One-Bowl Carrot Cake Muffins

Ingredients

  • 1 1/2 cups (180g) flour
  • 2 tsp baking powder
  • 1/2 tsp baking soda
  • 1/2 tsp salt
  • 1/2 tbsp cinnamon
  • 1/4 tsp ground nutmeg
  • 1/2 cup (120g) vegetable oil
  • 3/4 cup (150g) brown sugar
  • 2 eggs
  • 1/2 cup (120g) greek yogurt
  • 1/4 cup (50g) pineapple, mashed
  • 1 tsp vanilla
  • 1 cup (110g) finely grated carrots
  • 1/2 cup (50g) pecans or any nuts, chopped

Frosting

  • 1 cup (226g) cream cheese
  • 1/4 cup (50g) powdered sugar
  • 1 1/2 cups (360g) whipping cream

Crumble

  • 1/2 cup (60g) walnuts, chopped
  • 1/4 cup (50g) brown sugar
  • 2 tbsp (20g) desiccated coconut
  • 1/2 cup (60g) all-purpose flour
  • 1/4 tsp salt
  • 1/4 cup (60g) unsalted butter

Preparation

  1. Peel and shred carrots. Roughly chop pecans.

  2. Preheat oven to 350°F (175°C).

  3. In a large bowl, whisk together eggs, brown sugar, oil, yoghurt, vanilla extract and pineapple until combined.

  4. In another bowl, mix flour, baking powder, baking soda, salt, nutmeg and cinnamon.

  5. Combine half of the dry ingredients with the wet mixture.

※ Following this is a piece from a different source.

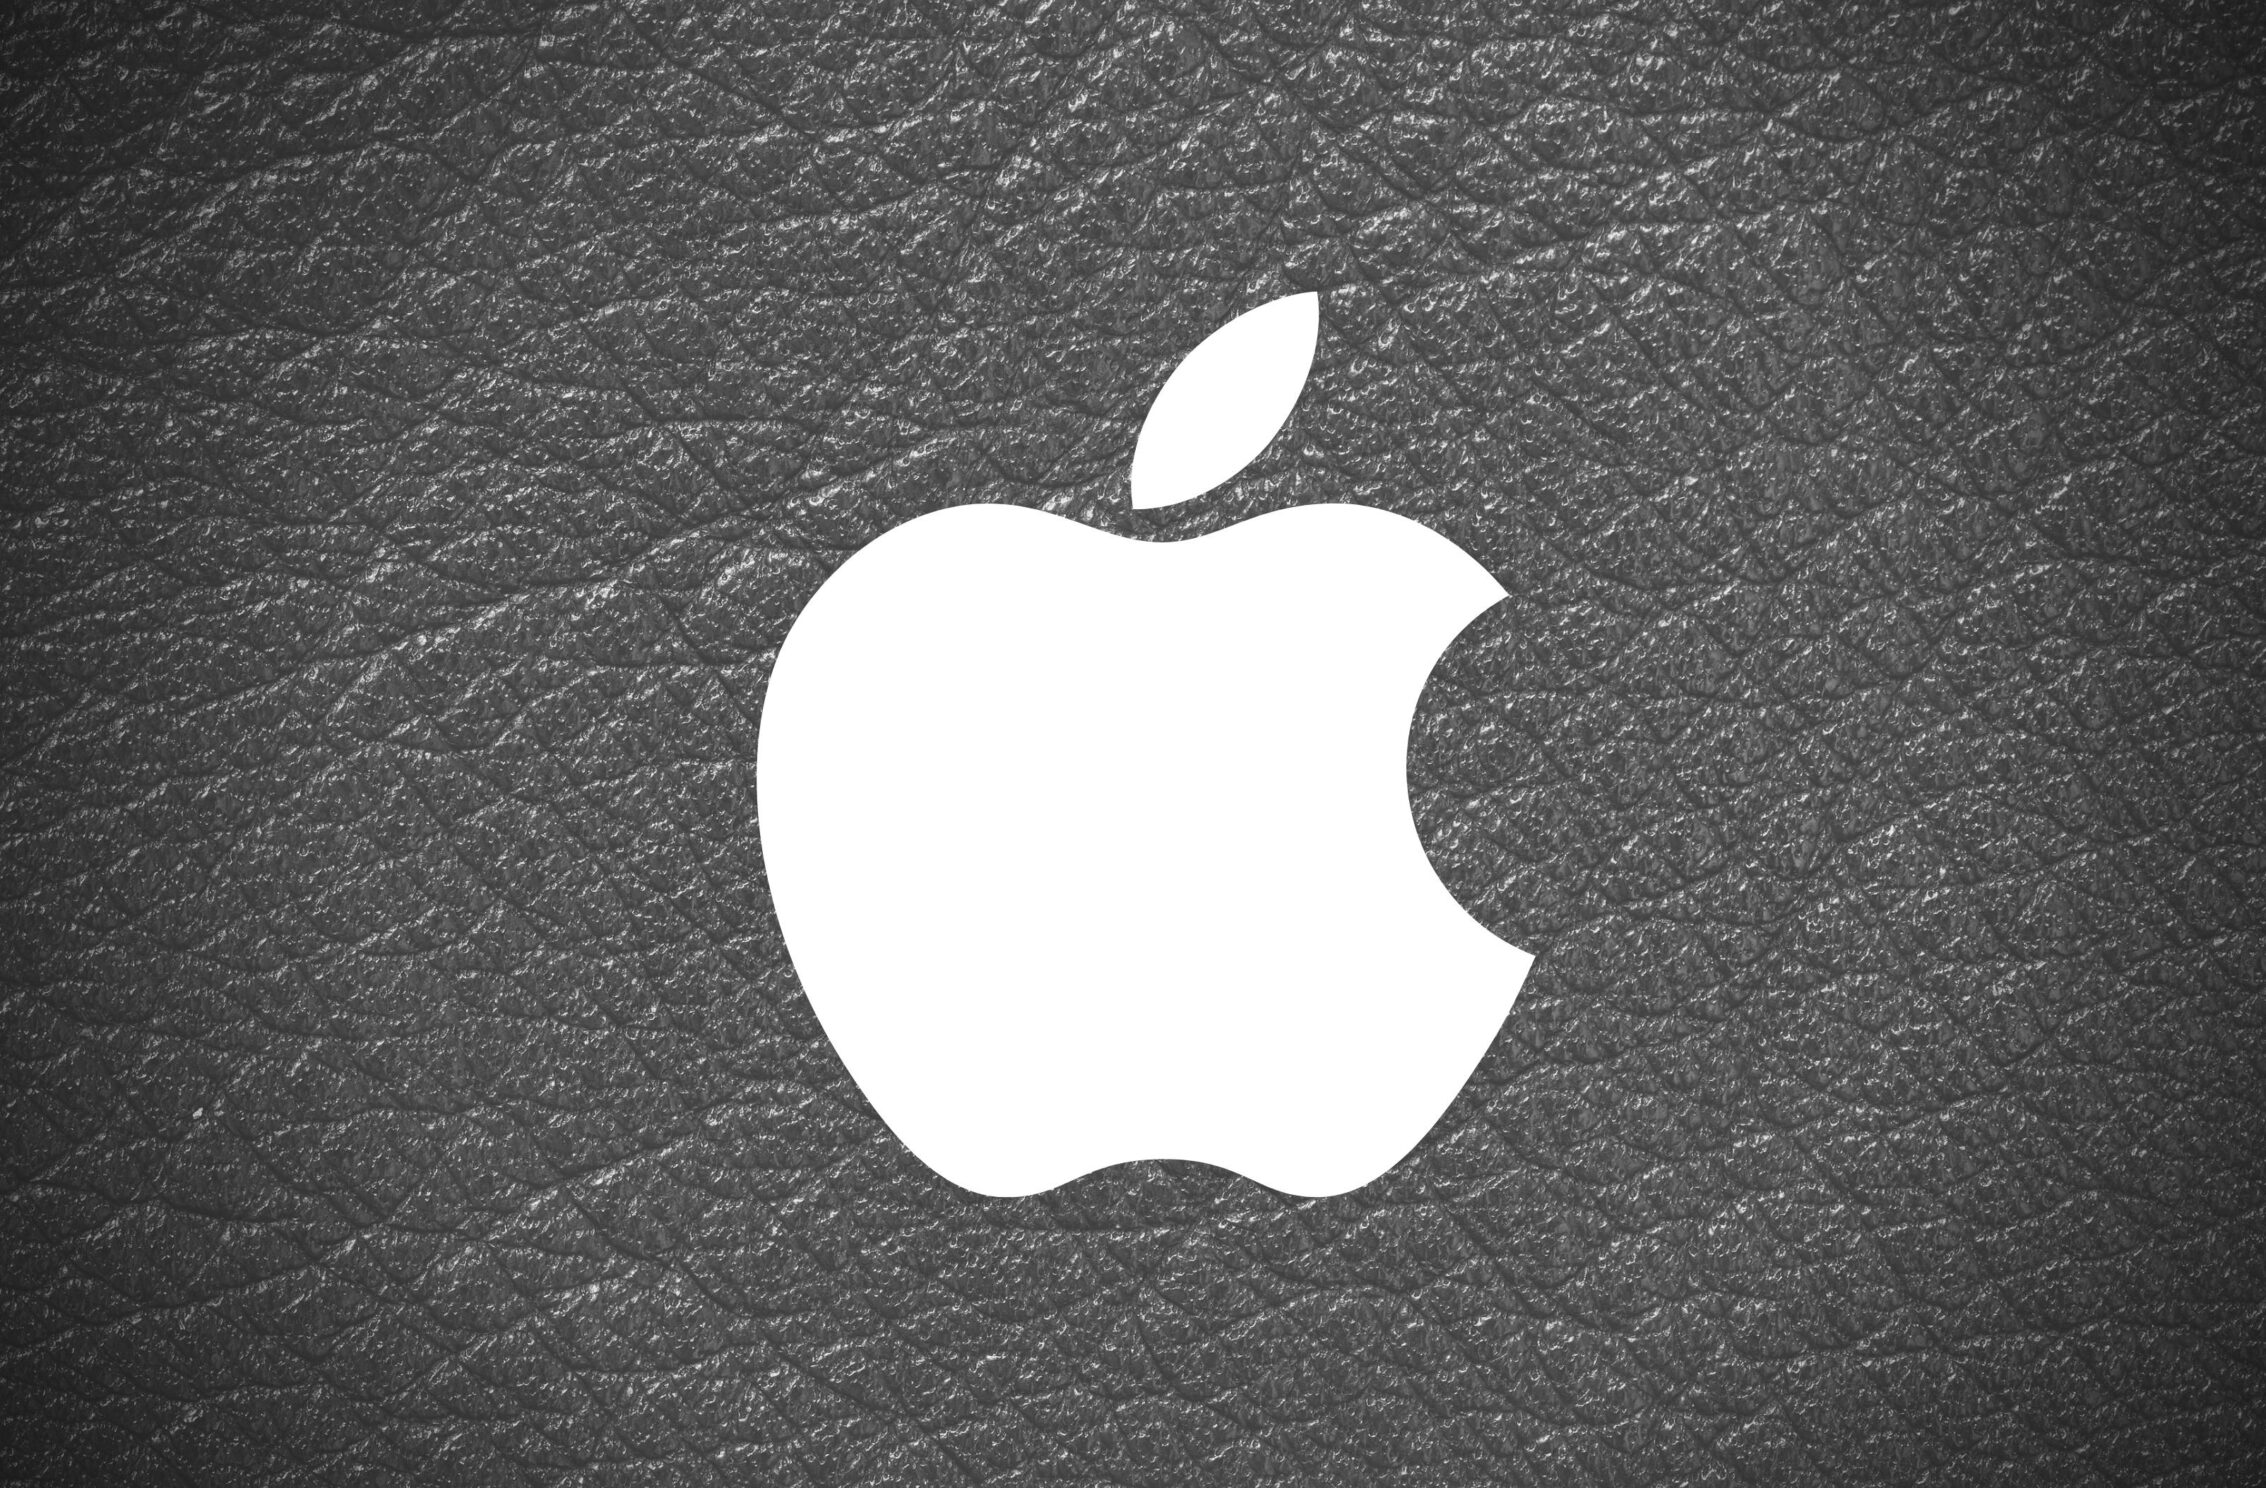 2266x1488 iPad Mini wallpapers Apple Logo Leather Black and White iPad Wallpaper 2266x1488 pixels resolution

Add carrots, then remaining dry ingredients. Stir until just combined. Fold in pecans.

  6. Fill cupcake liners 3/4 full. Bake for 18-20 minutes until a toothpick comes out clean. Cool completely.

  7. Reduce oven to 320°F (162°C). For walnut crumble, pulse walnuts, flour, brown sugar, desiccated coconut and salt in food processor.

  8. Add butter, pulse until sandy. Bake on a sheet until golden, stirring halfway. Cool.

  9. For frosting, beat cream cheese, powdered sugar, vanilla and salt until smooth. Add heavy cream, beat until stiff peaks.

  10. Frost cupcakes, create a flat surface in the middle. Coat sides with cooled crumble.

  11. Mix leftover frosting with orange food coloring, pipe carrot designs. Add parsley for stems.